4. Apply the change of base rule to change the base of the logarithm.

Q: What is the difference between a logarithmic expression and an exponential expression?

A: A logarithmic expression is an expression that involves a logarithm, while an exponential expression is an expression that involves an exponent. In other words, a logarithmic expression is a way of expressing a number in terms of its logarithm, while an exponential expression is a way of expressing a number in terms of its exponent.
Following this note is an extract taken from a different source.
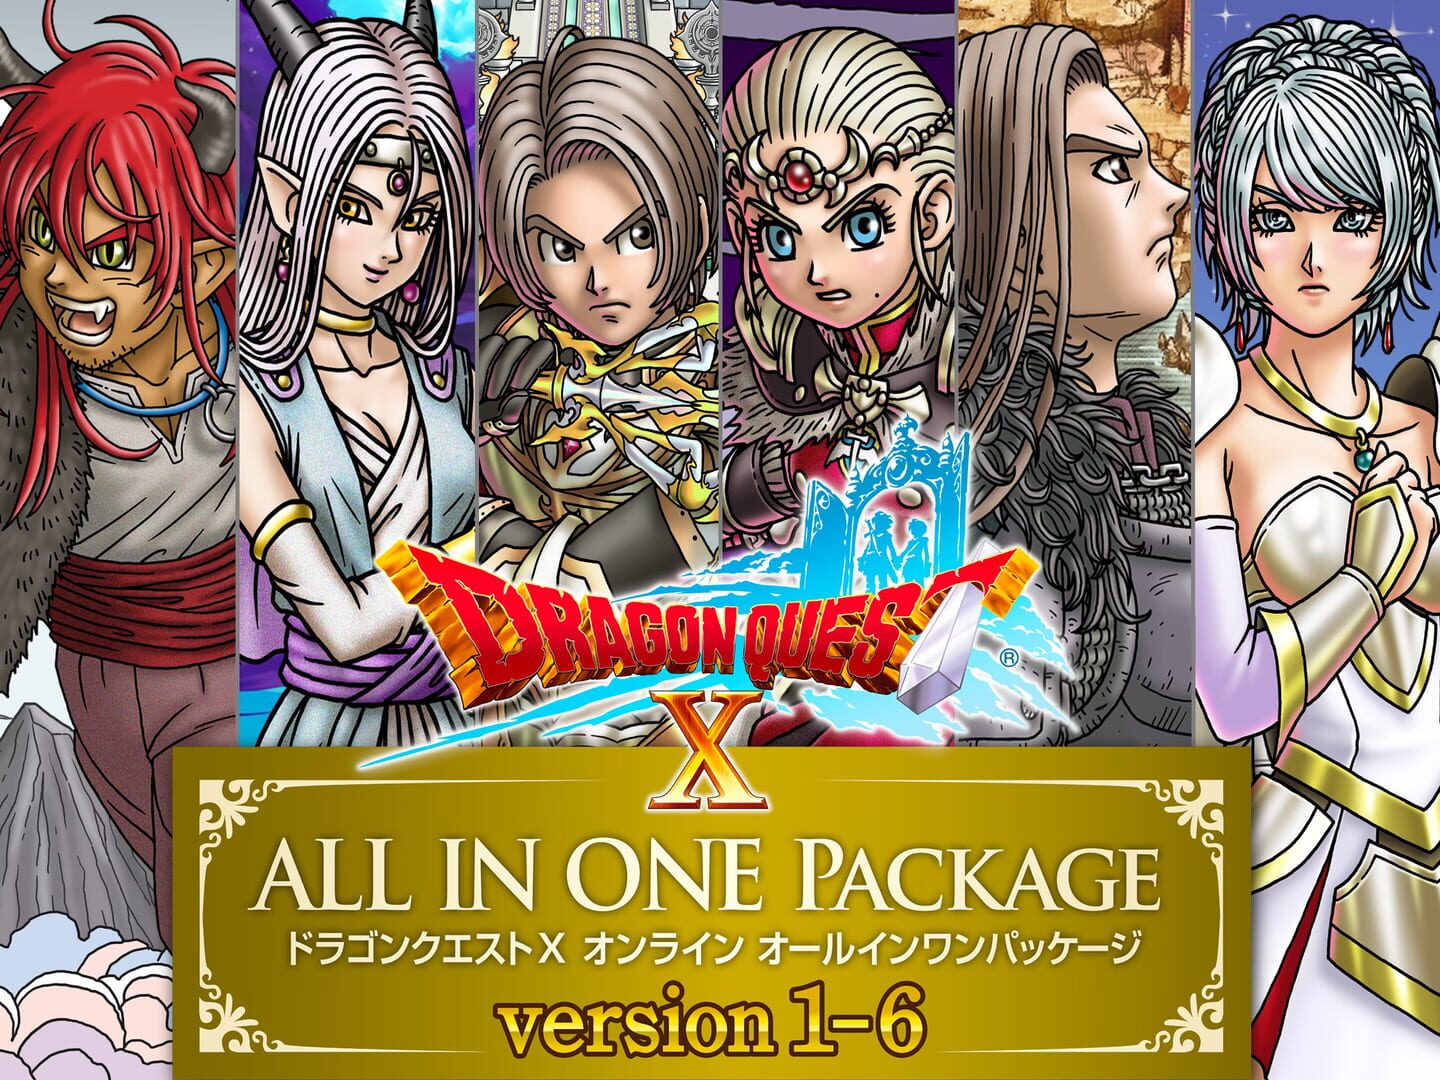 Captura de pantalla - Dragon Quest X: All In One Package - Versions 1-6

Q: How do I simplify a logarithmic expression?

A: To simplify a logarithmic expression, you need to apply the properties of logarithms. Here are the steps to follow:

1. Identify the logarithmic expression you want to simplify.
2. Apply the product rule to simplify the expression.
3. Apply the power rule to simplify the expression.
4. Apply the change of base rule to change the base of the logarithm.

Q: What is the logarithmic form of a number?

A: The logarithmic form of a number is a way of expressing the number in terms of its logarithm. For example, the logarithmic form of 100 is $\log_{10} 100$, which is equal to 2.

Q: How do I convert a logarithmic expression to exponential form?

A: To convert a logarithmic expression to exponential form, you need to apply the inverse operation of logarithms, which is exponentiation. Here are the steps to follow:

1. Identify the logarithmic expression you want to convert.
2. Apply the change of base rule to change the base of the logarithm.
3. Apply the power rule to simplify the expression.
4. Apply the exponential function to convert the expression to exponential form.

Conclusion

In this article, we have addressed some of the most frequently asked questions about logarithmic expressions, providing clear and concise answers to help you better understand this complex topic. By applying the properties of logarithms and following the steps outlined in this article, you can expand, simplify, and convert logarithmic expressions with ease.